Three-time Republican Secretary of State Natalie Meyer has died, according to a statement issued by the family. Memorial service details are pending. 

Meyer had been in declining health for several years; in December, 2019 she went missing for more than 12 hours in Jefferson County, near Southwest Plaza, prompting a missing person's alert. She was found alive and well the next day.

Meyers was the second woman to be elected secretary of state, serving the longest in history, from 1983 to 1995. In this era before term limits, Meyer chose not to run for a fourth term.

In her first race, she narrowly defeated Sam Zakhem in the primary and won in a landslide in the general election against Democrat Betty Orten, according to the Colorado Springs Gazette Telegraph. 

She told the Colorado Springs Gazette-Telegraph in 1993, when she chose not to run for another term, that, "It's been wonderful. It's been real. And in 1995, I intend to leave this office for my successor in apple-pie shape as one of the most efficient, service-oriented offices in the state." Meyer modernized the secretary of state's office with computerization and offering electronic access to office records. 
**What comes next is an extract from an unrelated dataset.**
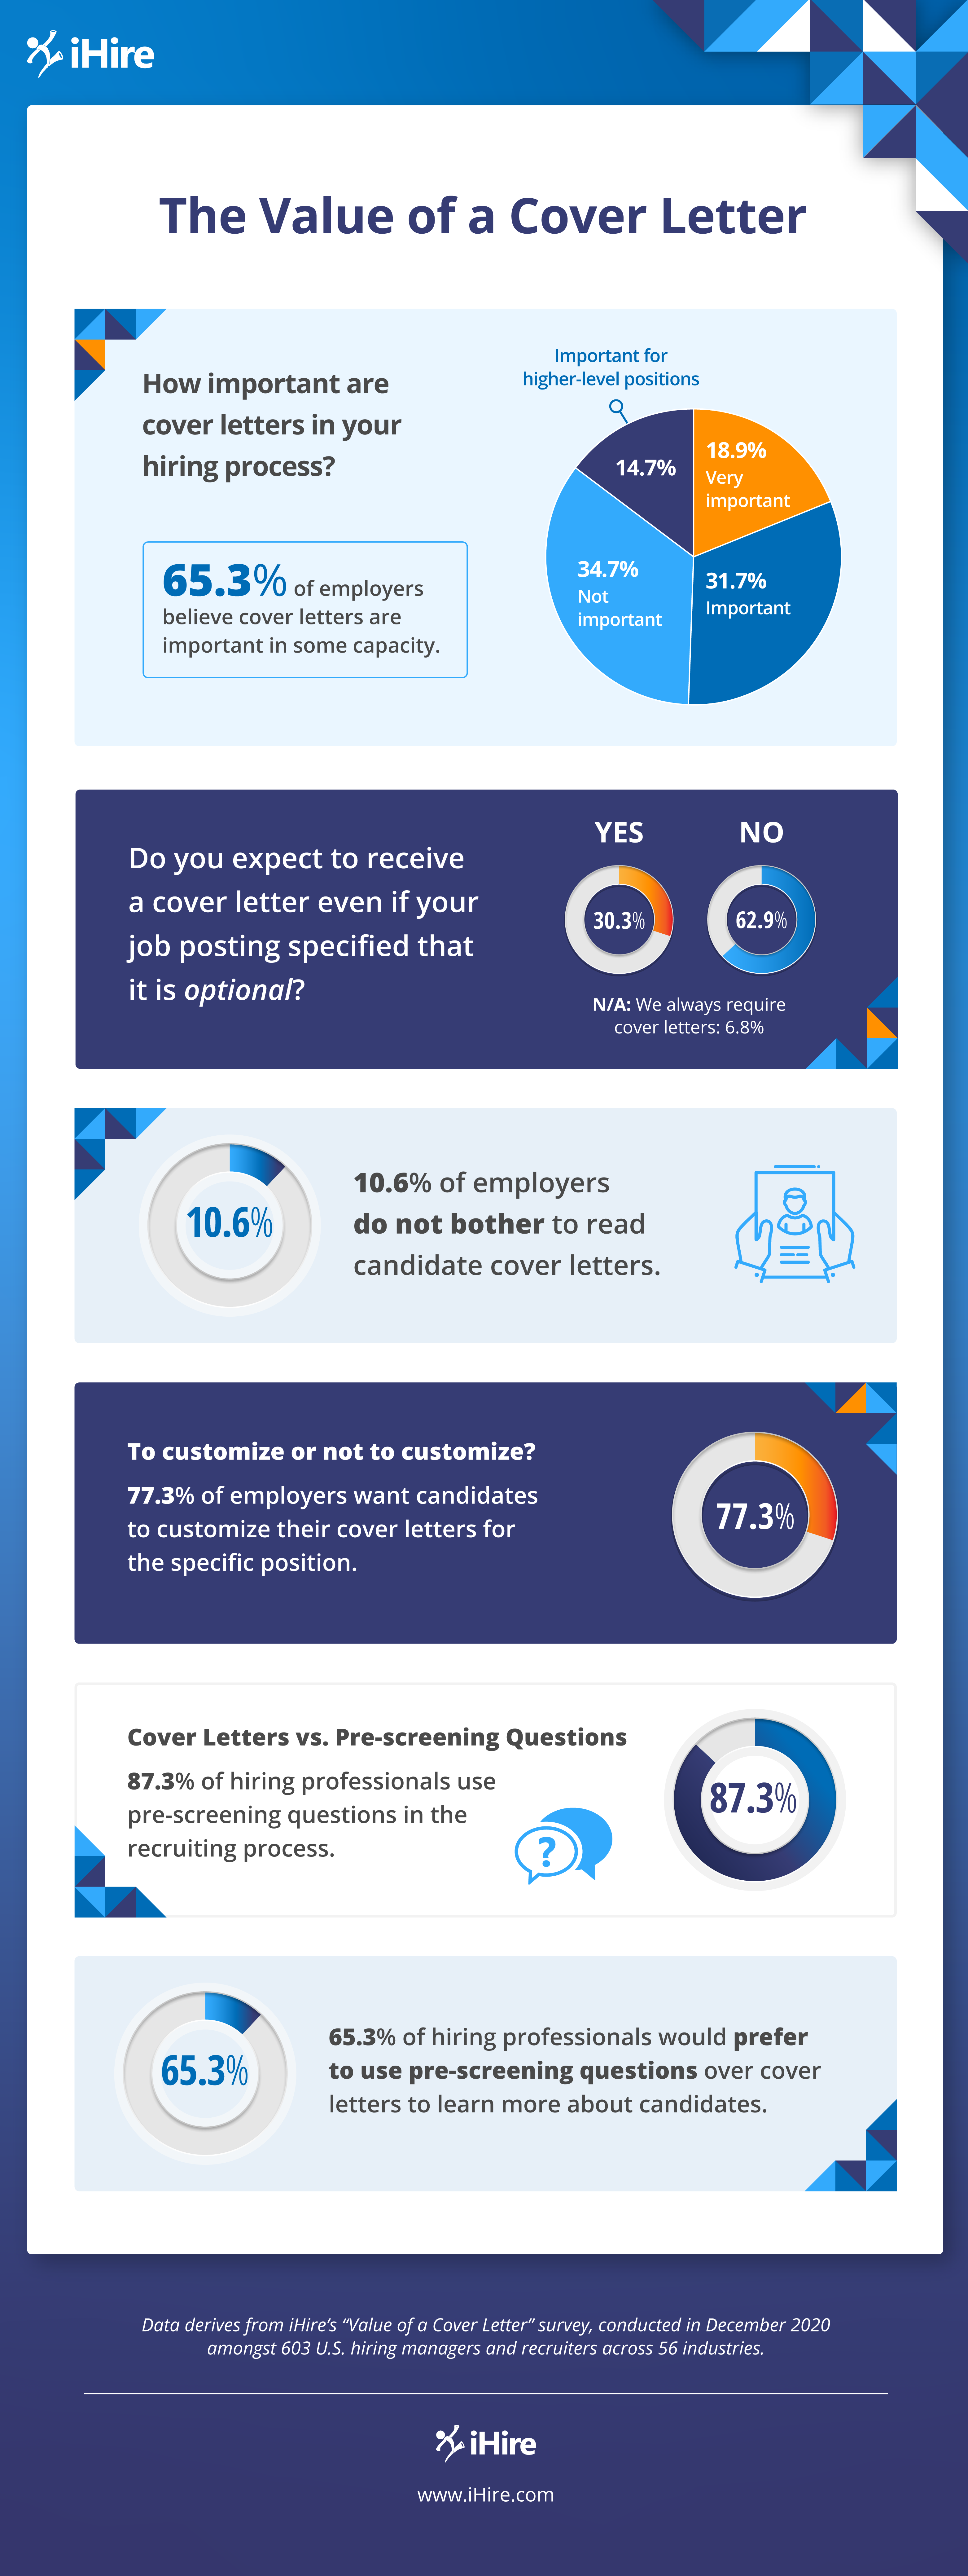 The value of a cover letter survey results infographic

The 1993 profile said her arch-nemesis was TABOR author and convicted tax felon Douglas Bruce. Meyer rejected four ballot measures submitted by Bruce, including two tax limitation measures and two others on election reform, all for failing to meet signature requirements. Bruce, who once called Meyer the "Secretary of Sleeze," finally succeeded in getting the TABOR proposal onto the 1992 ballot, where it was approved by voters, 53.68% to 46.32%.

She also served as the Colorado organizer for the election campaigns for President Ronald Reagan, in 1976, 1980 and 1984. She was an adviser to Sen. William Armstrong and recruited by the GOP to run for governor in 1986. She instead chose another term as Secretary of State. 

Reagan appointed Meyer to lead a U.S. Presidential delegation to the Philippines, overseeing an election to replace Ferdinand Marcos. After her service as Secretary of State, Meyer served as an election judge.

In 2017, Meyers was given the Medallion Award from the National Association of Secretaries of State, in recognition of her service to the mission of NASS. She was recommended for the award by then-Secretary of State Wayne Williams. 

Meyer was the appellant in a U.S. Supreme Court decision that struck down Colorado's statute that made it a felony to pay petition circulators. In Meyer, Woodward v. Grant (Attorney General Duane Woodward was also an appellant), the Court held that the statute abridged appellees' right to engage in political speech and therefore violated the First and Fourteenth Amendments to the U.S. Constitution. The issue at hand was an attempt to put on the ballot a question regarding whether motor carriers should be subject to regulation by the Public Utilities Commission.

Meyer was born May 20, 1930 in Henderson, North Carolina. She raised three daughters, and prior to becoming a political party volunteer taught typing, bookkeeping, shorthand, history and English at Bear Valley and Wheat Ridge high schools.

She was married to Harold Meyer, former mayor of Littleton, for 55 years and until his death in 2006. She is survived by their three daughters, Rebecca Brown, Mary Strickler, and Amy Blain; and four grandchildren.

This story will be updated as memorial service details become available.